Introduction

The emergence of ChatGPT and other Large Language Models (LLMs) in 2022-2023 created a new wave of hype around AI in testing. The promises are tempting: AI (as discussed in AI Copilot for Test Automation: GitHub Copilot, Amazon CodeWhisperer and the Future of QA) generates tests, data, finds bugs, writes documentation. But what actually works now, and what remains (as discussed in Prompt Engineering for QA: Mastering Effective AI Queries) marketing?

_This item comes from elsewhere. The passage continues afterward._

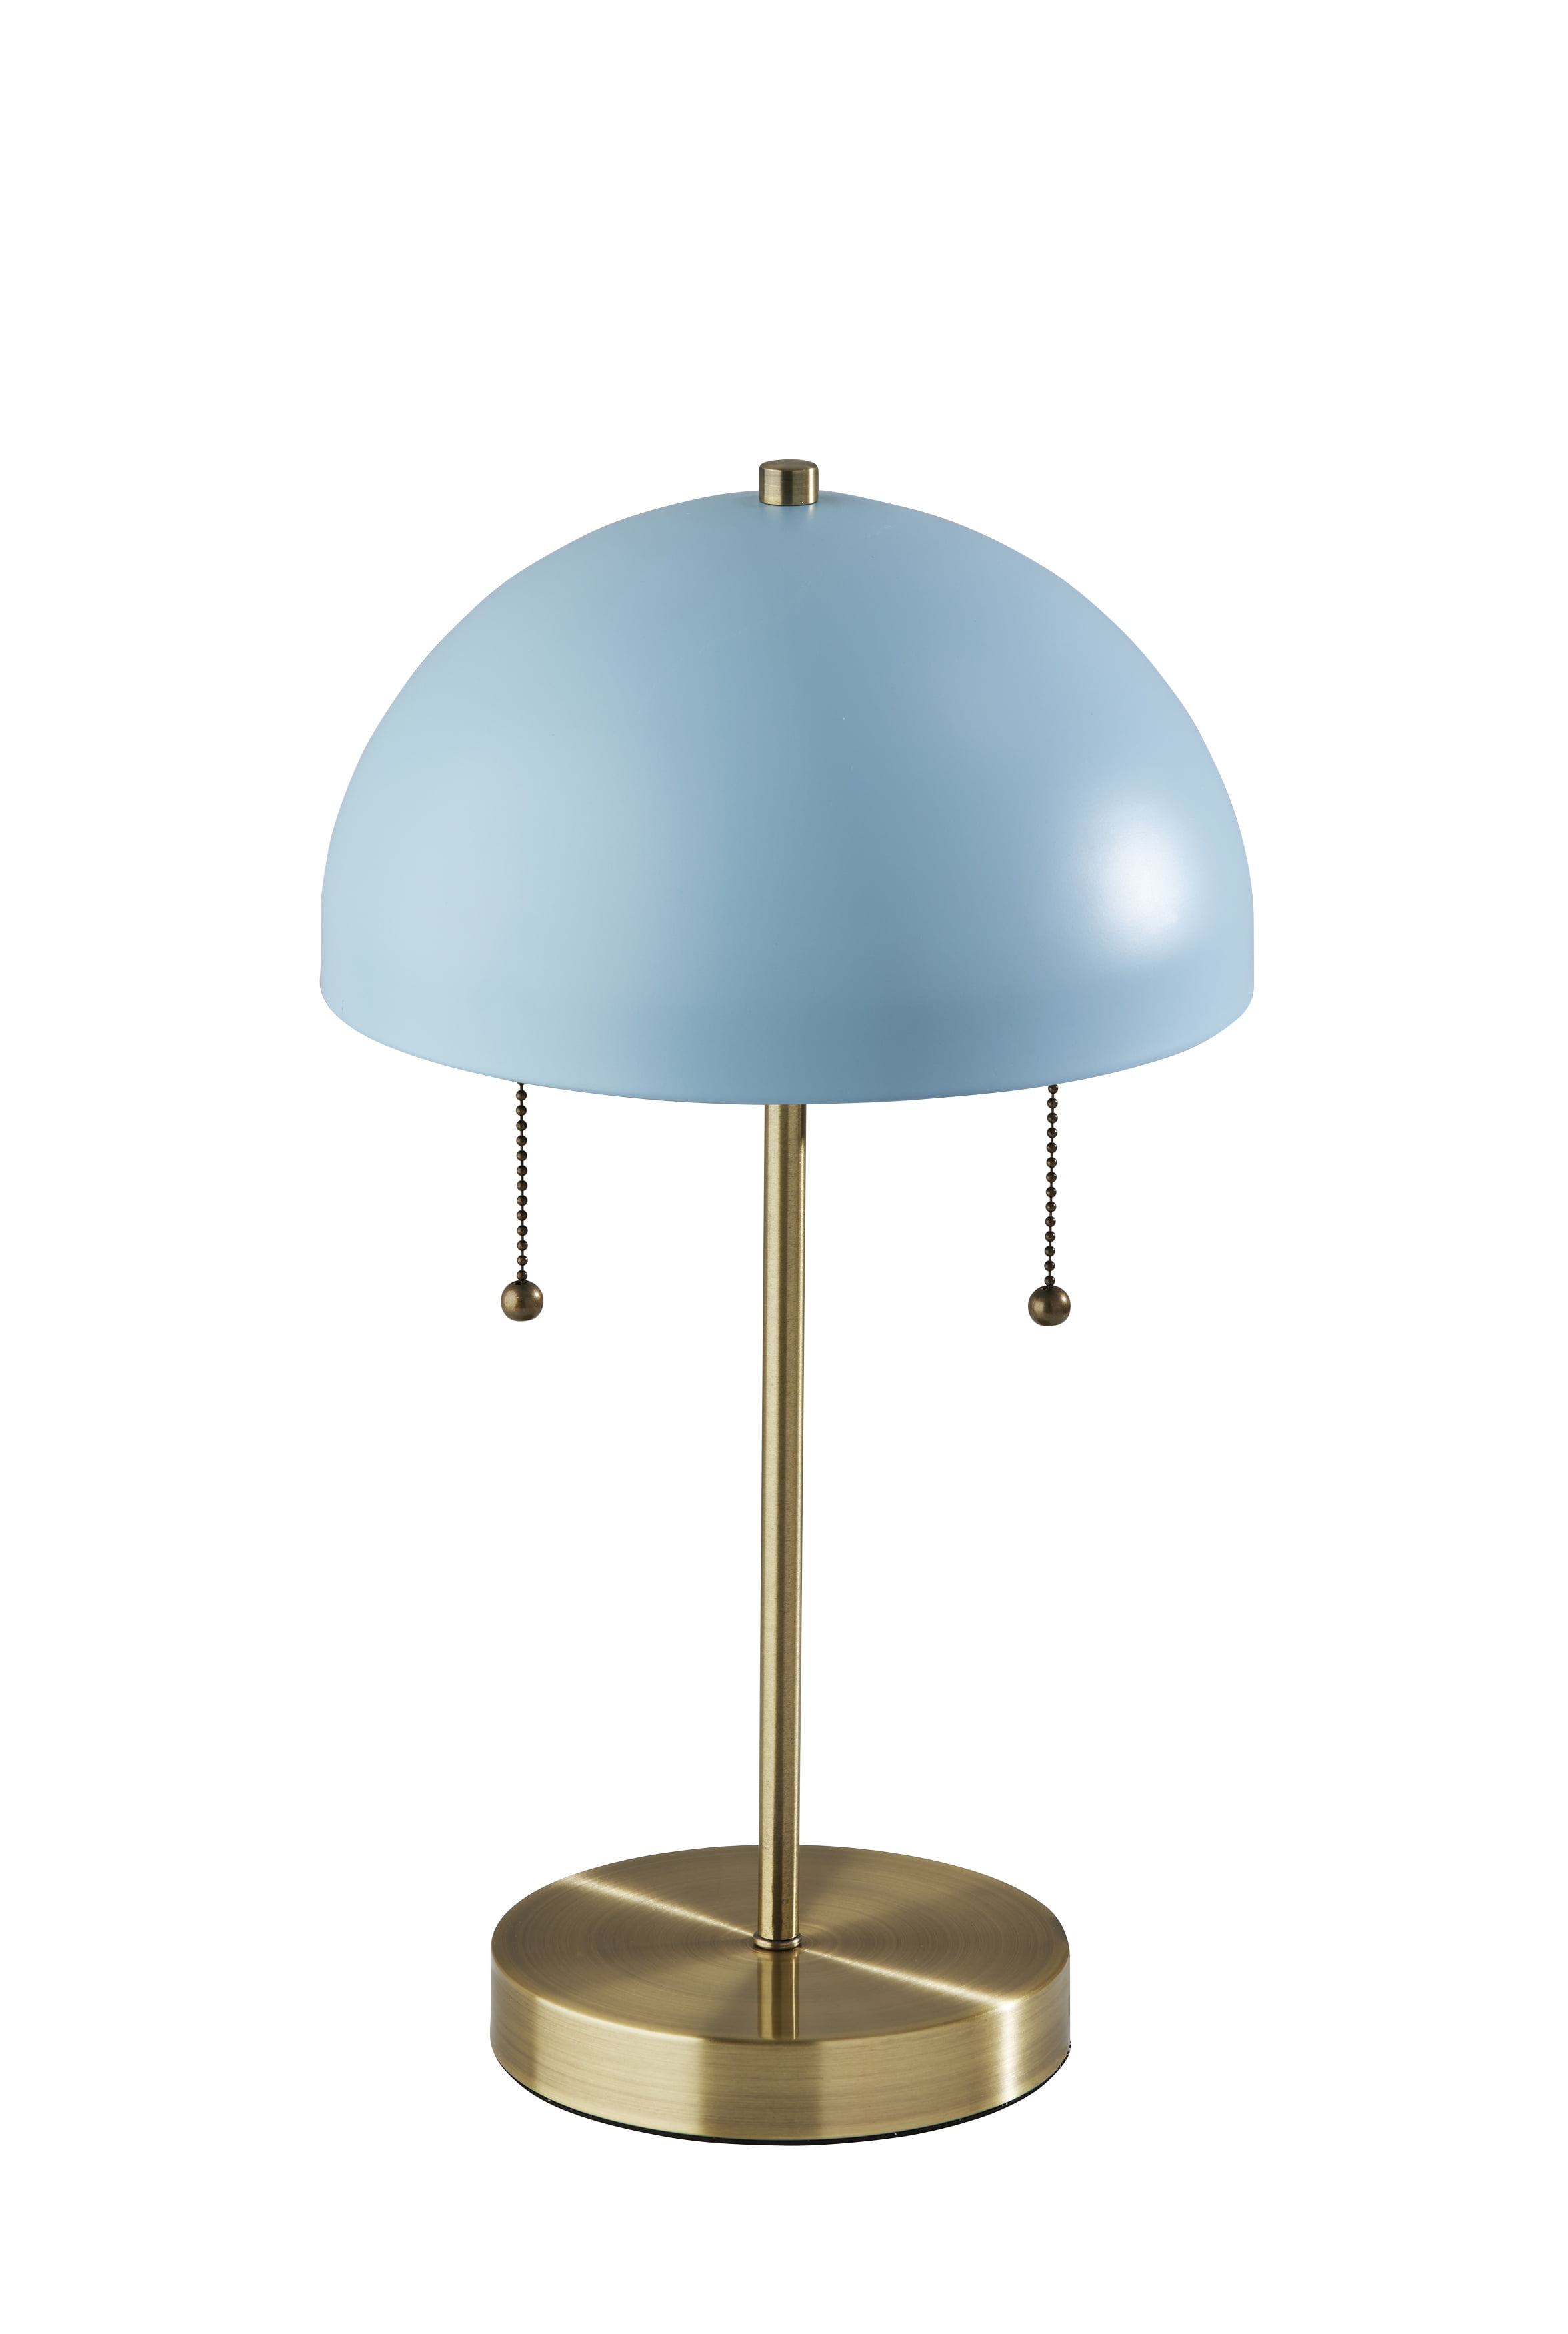 Artiva USA Geometric 29-inch Contemporary Chrome & Black Contrast Table Lamp 
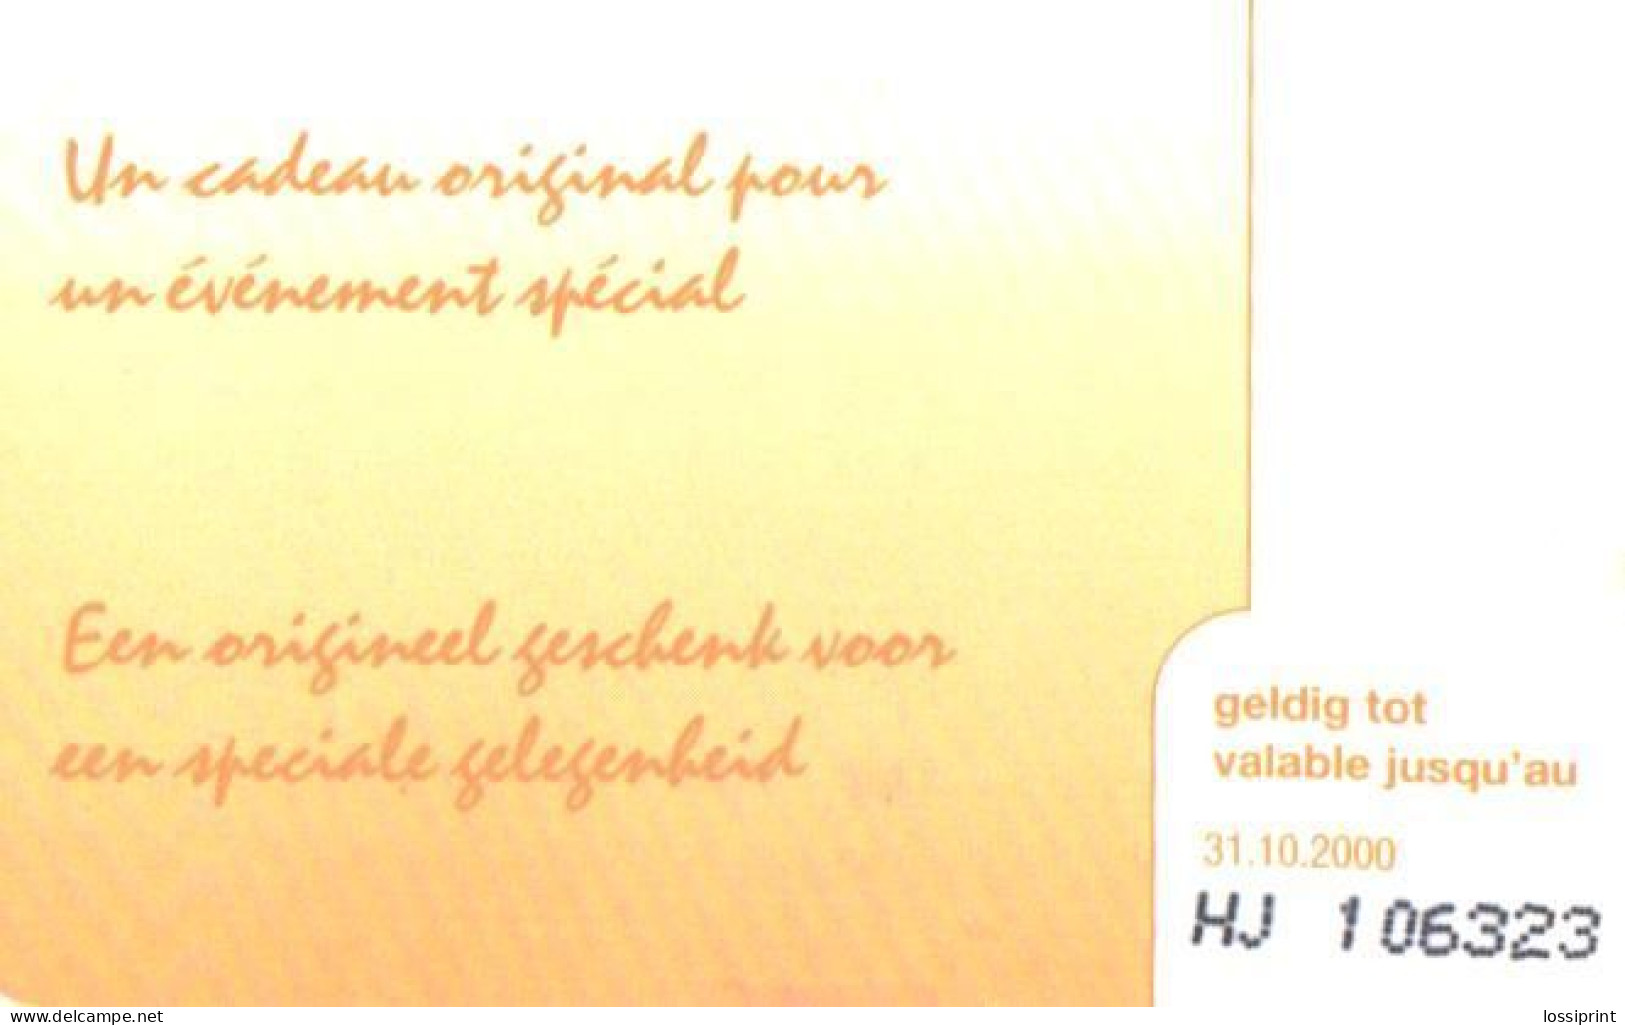 Belgium:Used Phonecard, Belgacom, 200 BEF, Disney, Mickey And Minnie Mouse, 2000 - Met Chip

In this article, we’ll explore practical application of LLMs (as discussed in Test Automation with Claude and GPT-4: Real Integration Cases and Practical Implementation) in QA: where they genuinely help, how to use them effectively, and — critically important — where they can cause harm. After a year of actively using GPT-4, Claude, and other models in production QA processes, we have enough data for an honest analysis.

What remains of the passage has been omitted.